**Brief**. Find the line containing "Antique Map design" in the entries below. Restate it and each line after it, word for word, up to and including the line containing "NEXT2SKIN Men Woolen".

**Entries shown**.
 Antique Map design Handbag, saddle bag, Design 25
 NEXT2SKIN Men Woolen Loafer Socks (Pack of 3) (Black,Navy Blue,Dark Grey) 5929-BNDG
--
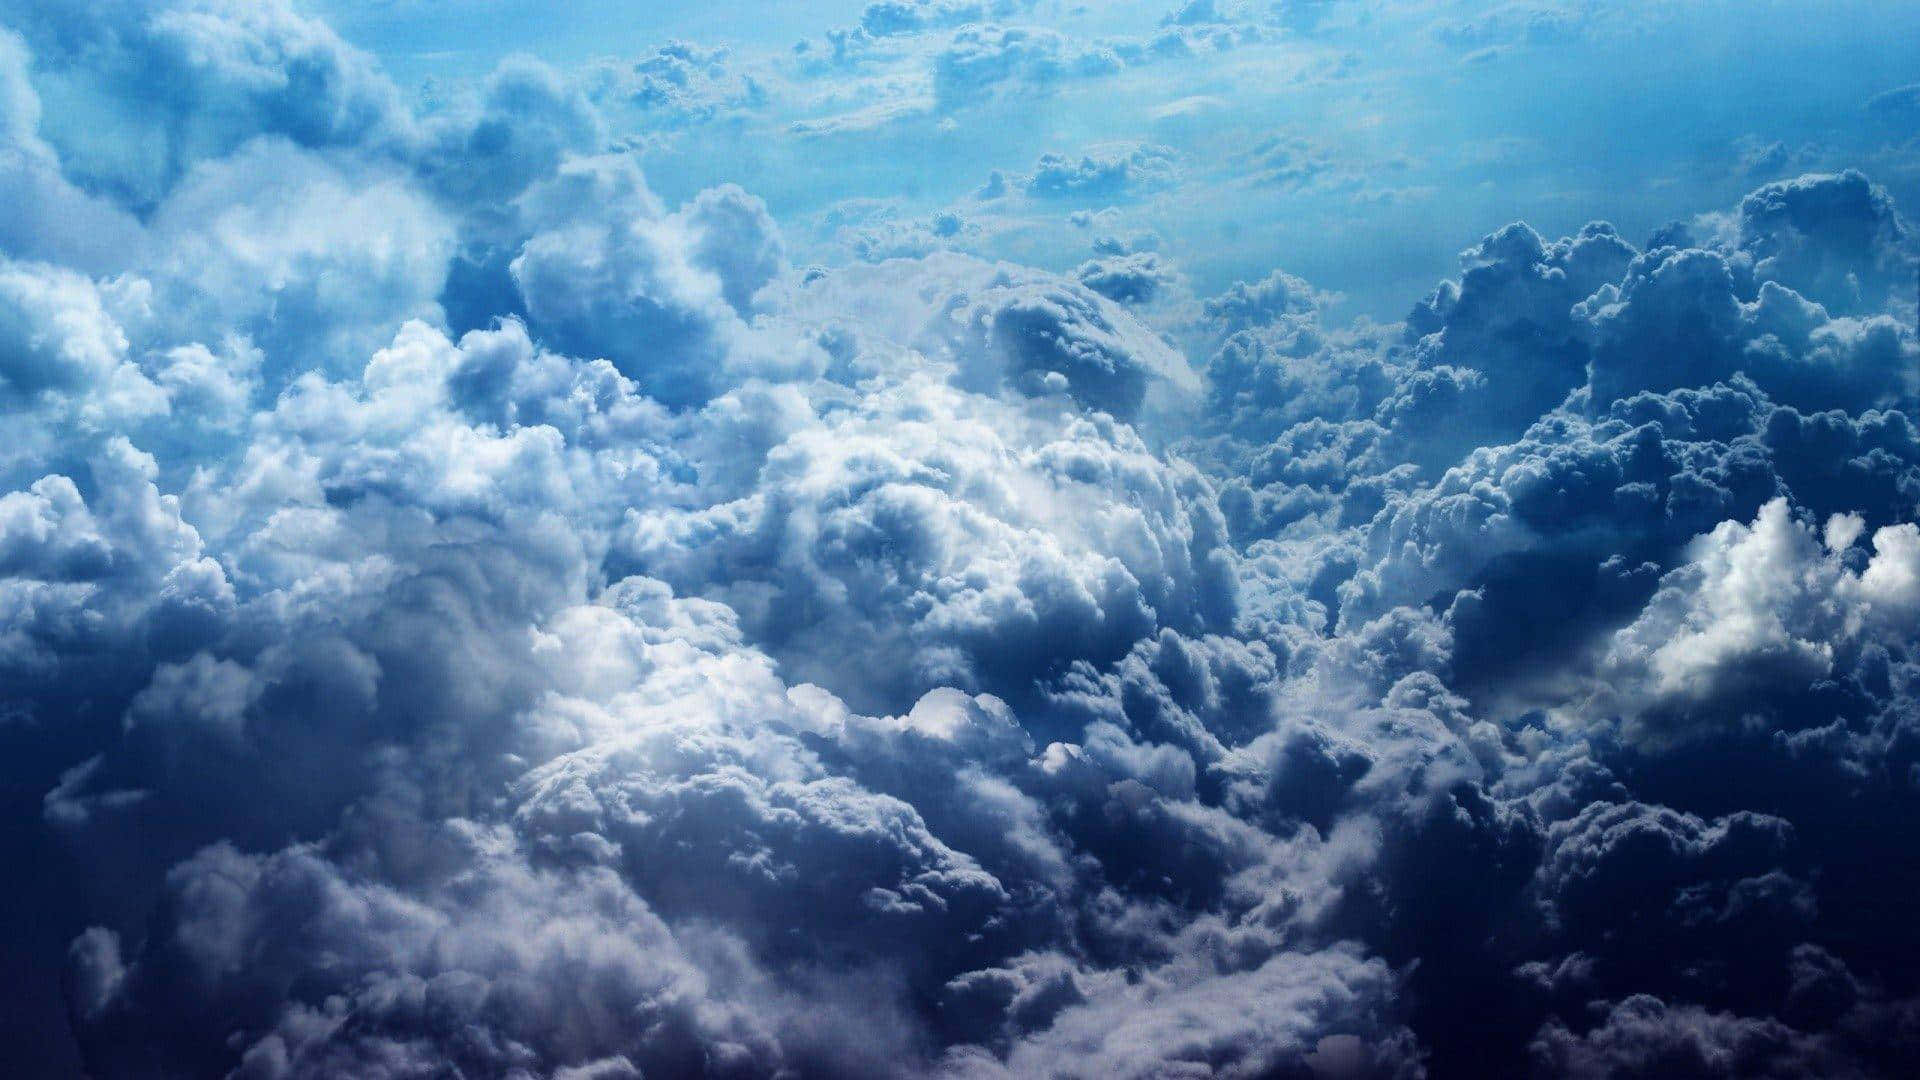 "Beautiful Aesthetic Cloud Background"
* * *
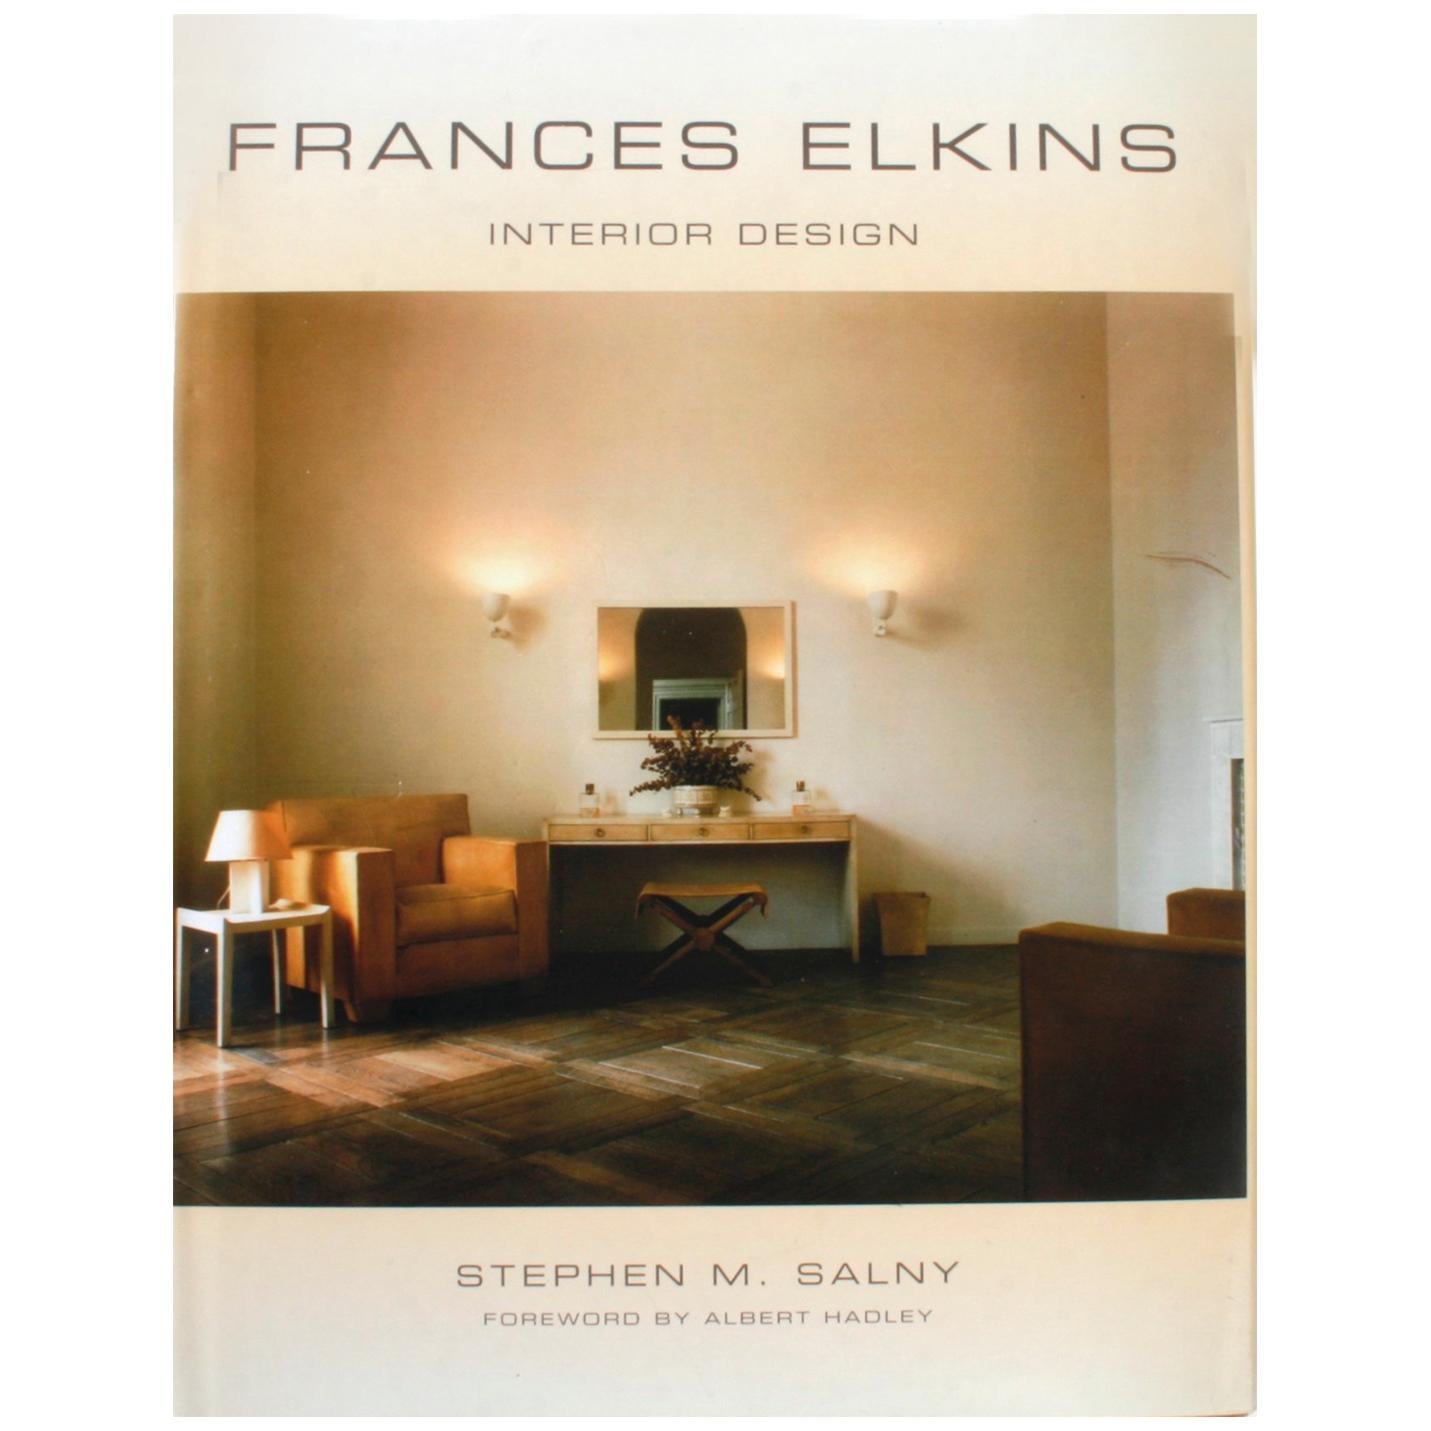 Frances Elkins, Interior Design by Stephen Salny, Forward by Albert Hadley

**The answer**.
 Antique Map design Handbag, saddle bag, Design 25
 NEXT2SKIN Men Woolen Loafer Socks (Pack of 3) (Black,Navy Blue,Dark Grey) 5929-BNDG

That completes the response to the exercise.